**Task instructions:** Could you transcribe exactly the lines below, from the line with "Online get cheap" through the line with "PGYTECH Cage DJI", and nothing else, leaving out the pictures?

**Entries provided:**
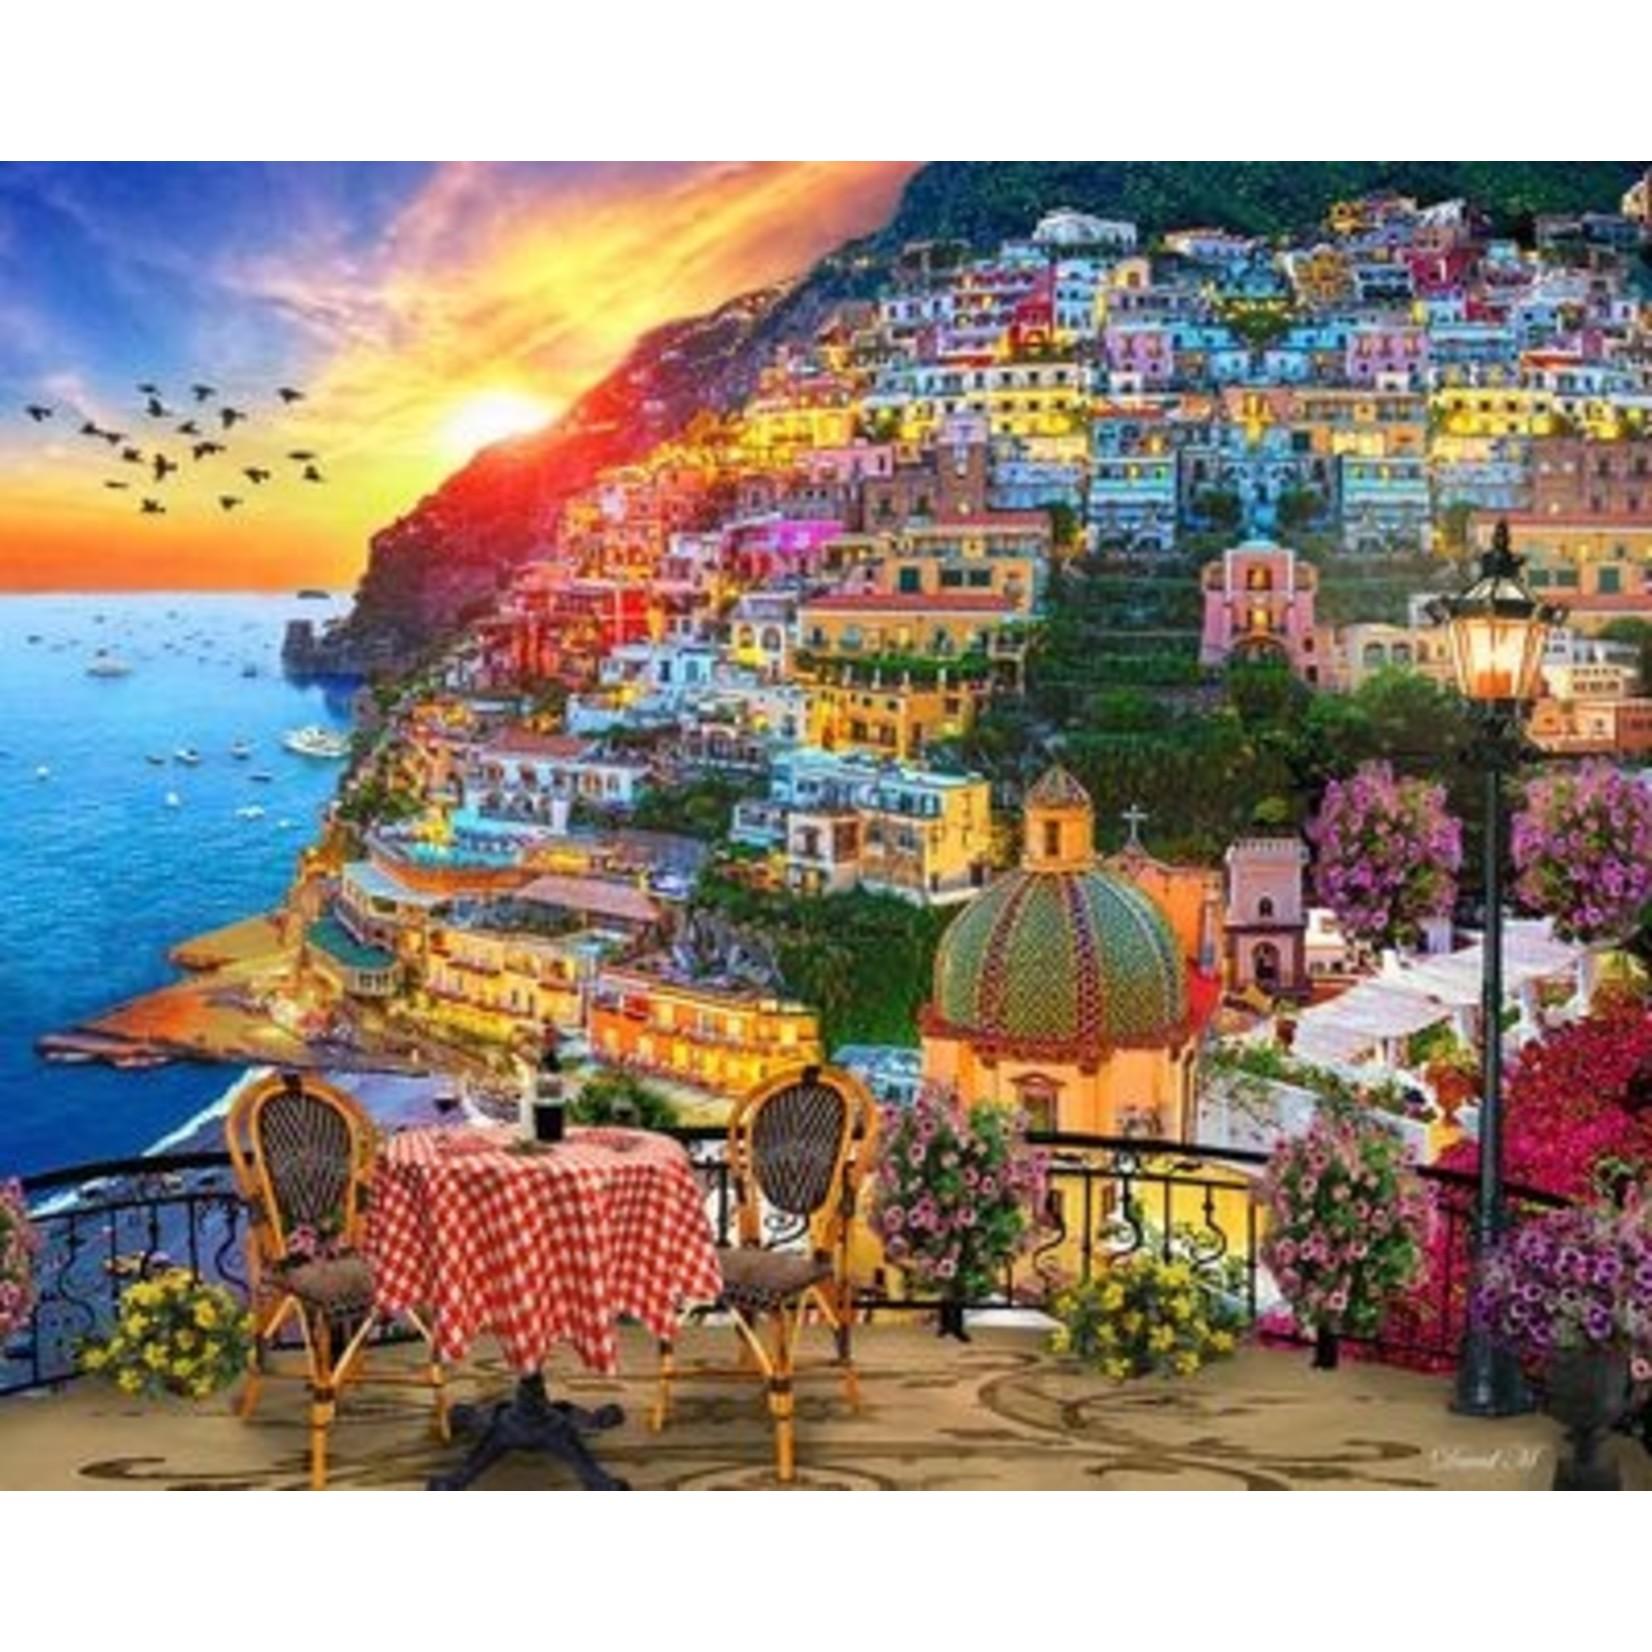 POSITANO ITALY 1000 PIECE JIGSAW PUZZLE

--

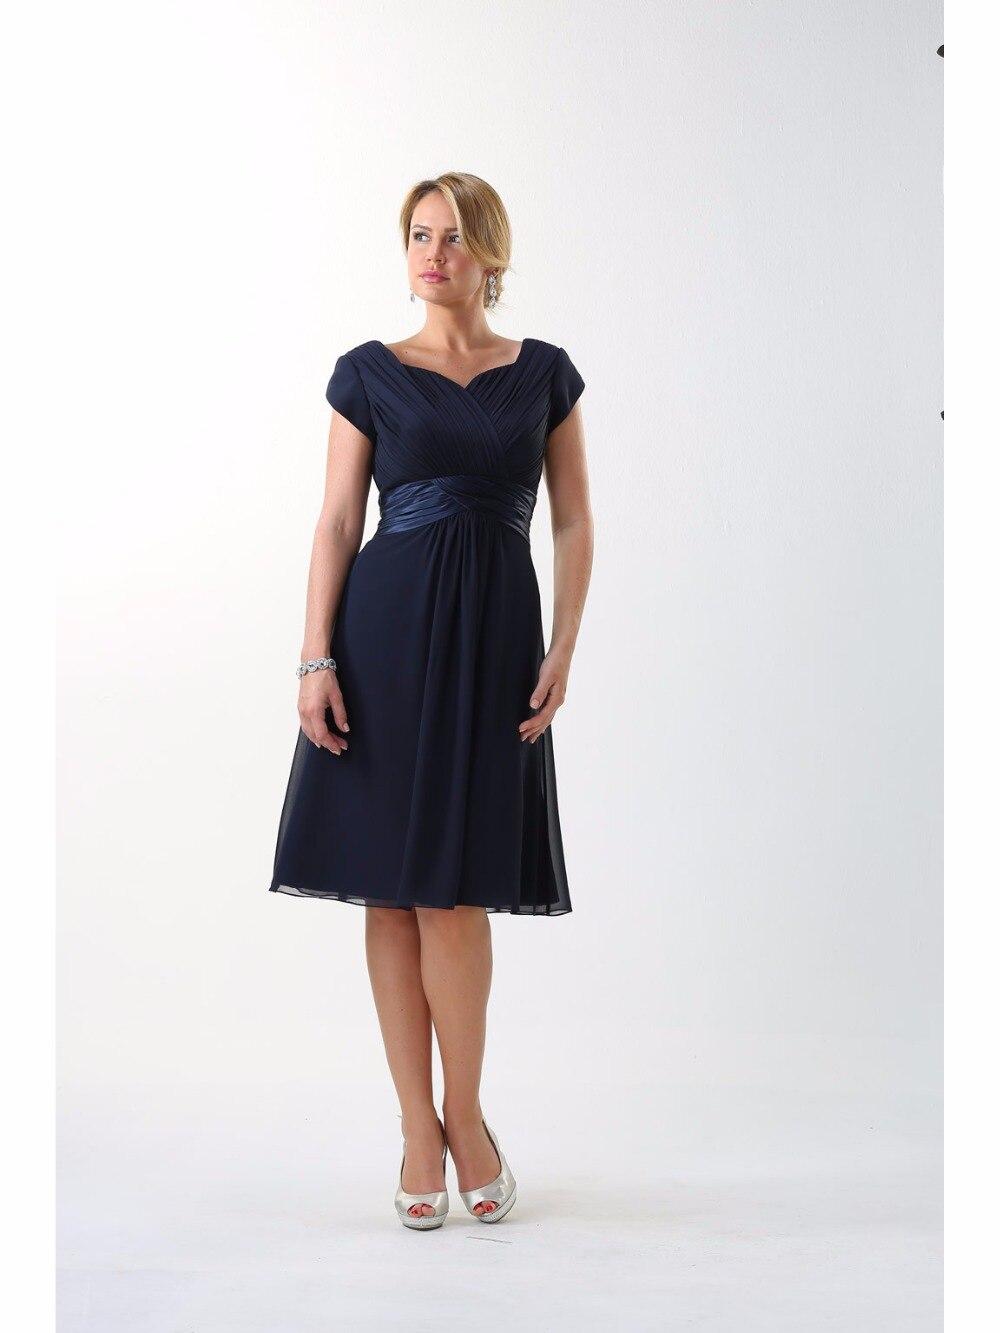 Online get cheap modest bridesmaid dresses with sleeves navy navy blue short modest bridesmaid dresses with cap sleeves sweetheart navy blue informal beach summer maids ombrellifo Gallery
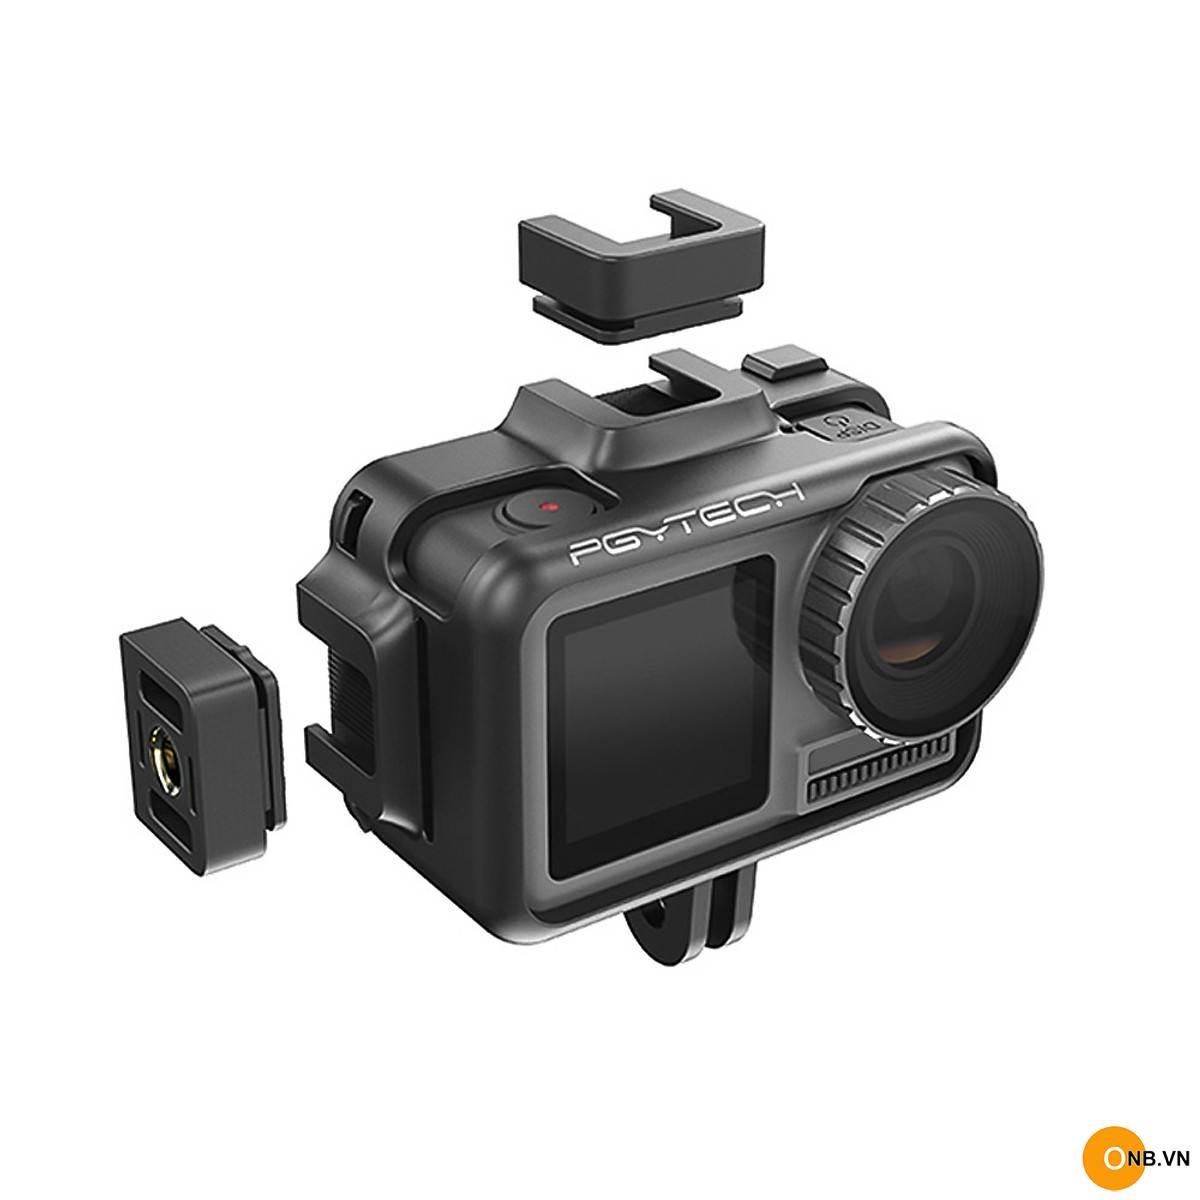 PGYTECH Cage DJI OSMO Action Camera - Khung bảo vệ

==

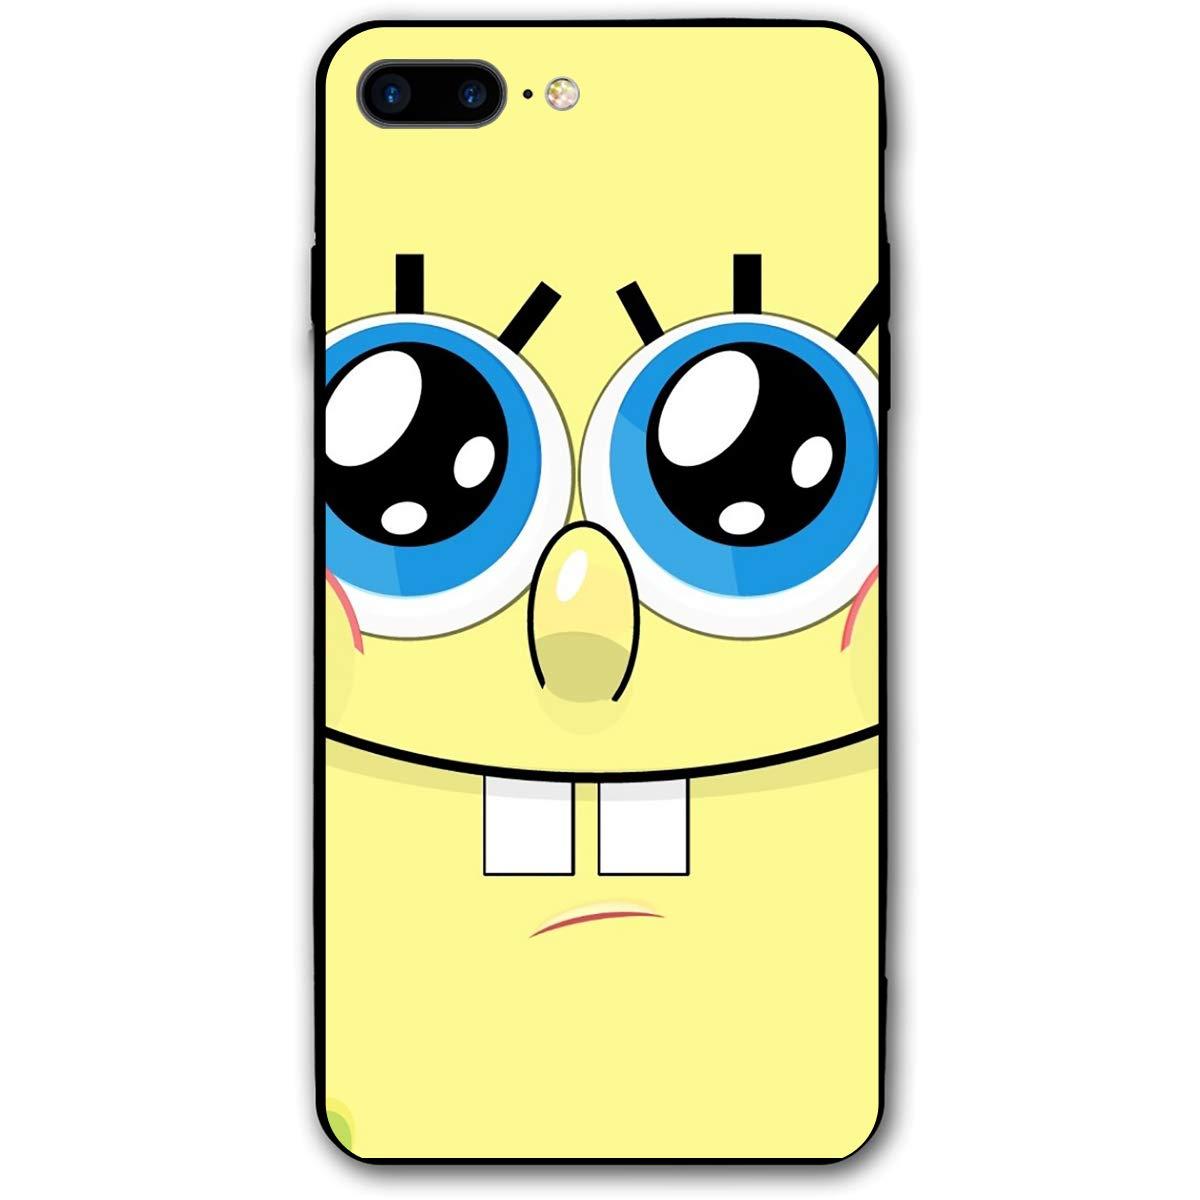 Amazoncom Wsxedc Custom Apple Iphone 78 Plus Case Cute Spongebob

**Answer for this exercise:**
 Online get cheap modest bridesmaid dresses with sleeves navy navy blue short modest bridesmaid dresses with cap sleeves sweetheart navy blue informal beach summer maids ombrellifo Gallery
 PGYTECH Cage DJI OSMO Action Camera - Khung bảo vệ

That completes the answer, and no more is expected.